The system in Equation (7a,b) is referred to as the traveling wave system. It is conservative because $\mathrm{div}({\mathcal{M}}^{\prime },{\mathcal{N}}^{\prime })=0$, and it is Hamiltonian because it can be derived from the Hamiltonian function

$$H={\displaystyle \frac{1}{2}}{\mathcal{N}}^2+\mathcal{U}\left(\mathcal{M}\right),$$

(8)

using Hamilton’s canonical equations [43], where $\mathcal{U}\left(\mathcal{M}\right)$ is the three-parameter potential function given by

$$\mathcal{U}\left(\mathcal{M}\right)={\displaystyle \frac{{\gamma }_1}{2}}{\mathcal{M}}^2+{\displaystyle \frac{{\gamma }_2}{3}}{\mathcal{M}}^3+{\displaystyle \frac{{\gamma }_3}{4}}{\mathcal{M}}^4.$$

(9)

The Hamiltonian function itself is a constant of motion for the system in Equation (7a,b), as it does not explicitly depend on $\xi$ [43]. Hence, we have

$${\displaystyle \frac{1}{2}}{\mathcal{N}}^2+\mathcal{U}\left(\mathcal{M}\right)=q,$$

(10)

where q is a free parameter that will play a key role in the subsequent analysis, as we demonstrate later. Substituting Equation (7a) into the conserved quantity (10) and separating the variables, we obtain the following differential form:

$${\displaystyle \frac{\mathrm{d}\mathcal{M}}{\sqrt{F_q(\mathcal{M};q)}}}=\pm \sqrt{2}\mathrm{d}\xi ,$$

(11)

where $F_q(\mathcal{M};q)$ is a quartic polynomial taking the form

$$F_q(\mathcal{M};q)=q-\mathcal{U}\left(\mathcal{M}\right)=q-{\displaystyle \frac{{\gamma }_1}{2}}{\mathcal{M}}^2-{\displaystyle \frac{{\gamma }_2}{3}}{\mathcal{M}}^3-{\displaystyle \frac{{\gamma }_3}{4}}{\mathcal{M}}^4.$$

(12)

Since one of the main objectives is to construct all possible solutions to Equation (2), determining the range of the parameters ${\gamma }_1,{\gamma }_2,{\gamma }_3$, and q is essential for integrating the differential form (11). The qualitative theory for planar integrable systems is applied to identify this range. Furthermore, this approach is significant because it does not only provide the required parameter ranges but also determines the type of solutions before solving them by linking them with phase trajectories. This enables us to isolate bounded solutions, which are physically meaningful, and to construct only real (non-complex) solutions by introducing the concept of intervals for real wave propagation.

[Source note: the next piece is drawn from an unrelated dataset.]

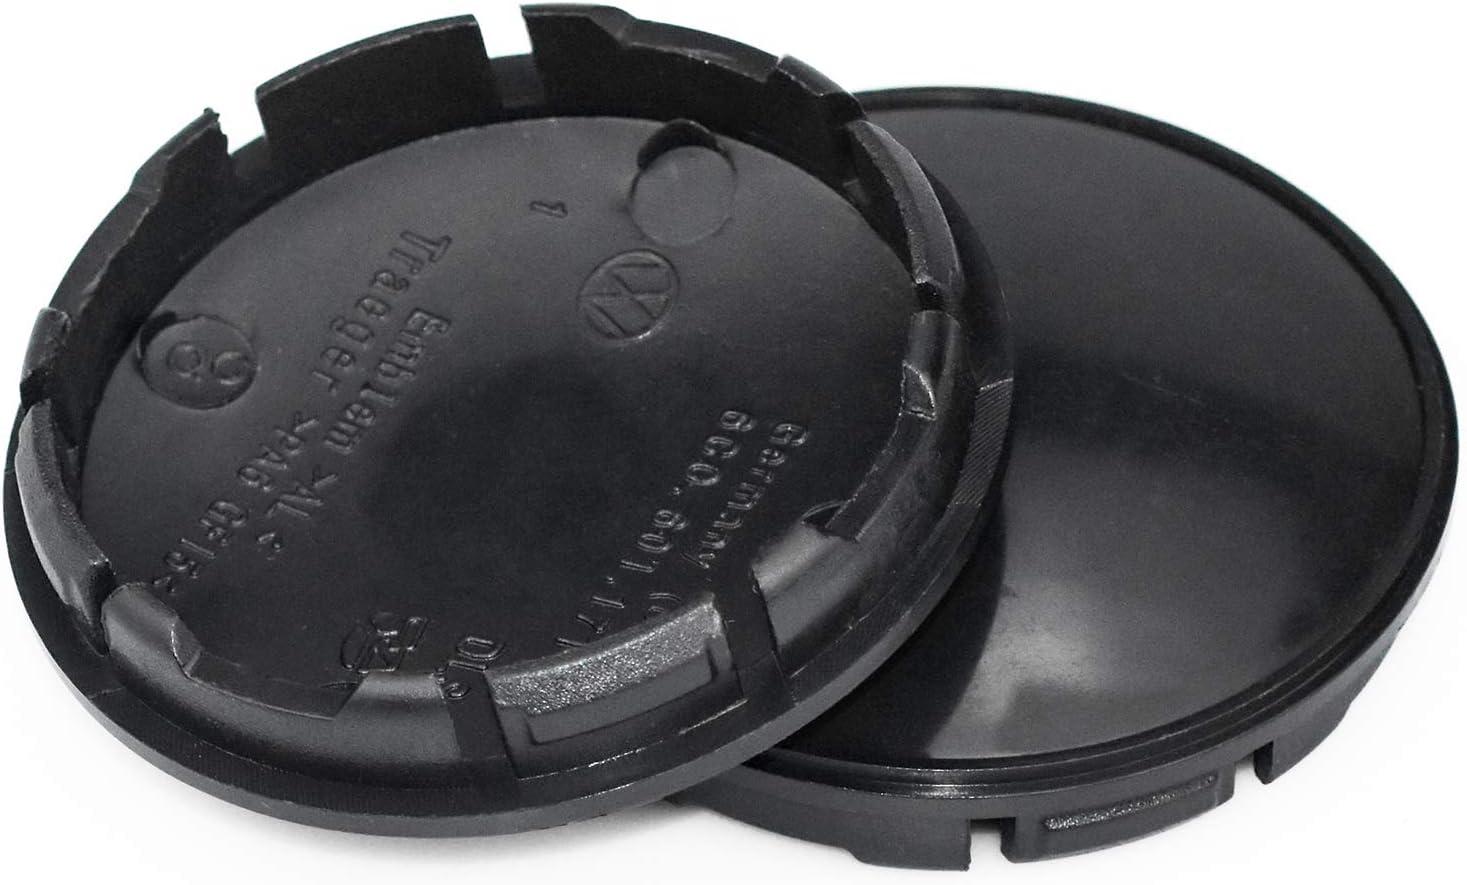 Noir COCOCITY 4 Pcs Cache-moyeux en Plastique ABS 56 mm Finest Folia Capuchons de Centre Enjoliveurs de Roue Universel pour Voiture

3. Bifurcation and Phase Portrait

The dynamical behavior and qualitative analysis of Equation (2) are explored using Hamiltonian concepts [43,44]. The significance of the bifurcation study is encapsulated in the following lemma, which is crucial, as it illustrates the relationship between the phase trajectories and the types of solutions.

Lemma 1 

([45,46]). Assume that $\mathcal{M}\left(\xi \right)$ is a solution to Equation (2) for all $-\infty <\xi <\infty$ with ${lim}_{\xi \to \infty }\mathcal{M}\left(\xi \right)={\nu }_1$ and ${lim}_{\xi \to -\infty }\mathcal{M}\left(\xi \right)={\nu }_2$. Hence, Equation (2) possesses the following:

 (a)

A solitary solution corresponding to a homoclinic trajectory when ${\nu }_1={\nu }_2$.

 (b)

A kink (or anti-kink) solution corresponding to a heteroclinic trajectory when ${\nu }_1\ne {\nu }_2$.

 (c)

A periodic solution corresponding to the periodic phase trajectory.

On the other hand, unbounded phase trajectories are linked to unbounded solutions, which are physically undesirable in real-world problems. Consequently, the bifurcation study allows us to disregard such solutions associated with these trajectories. Hence, the bifurcation analysis is necessary for determining the range of the parameters ${\gamma }_1,{\gamma }_2,{\gamma }_3,$ and q in order to integrate both sides of the differential form in Equation (11). Additionally, it is essential to find the conditions on these parameters that lead to periodic, homoclinic, heteroclinic, and unbounded trajectories.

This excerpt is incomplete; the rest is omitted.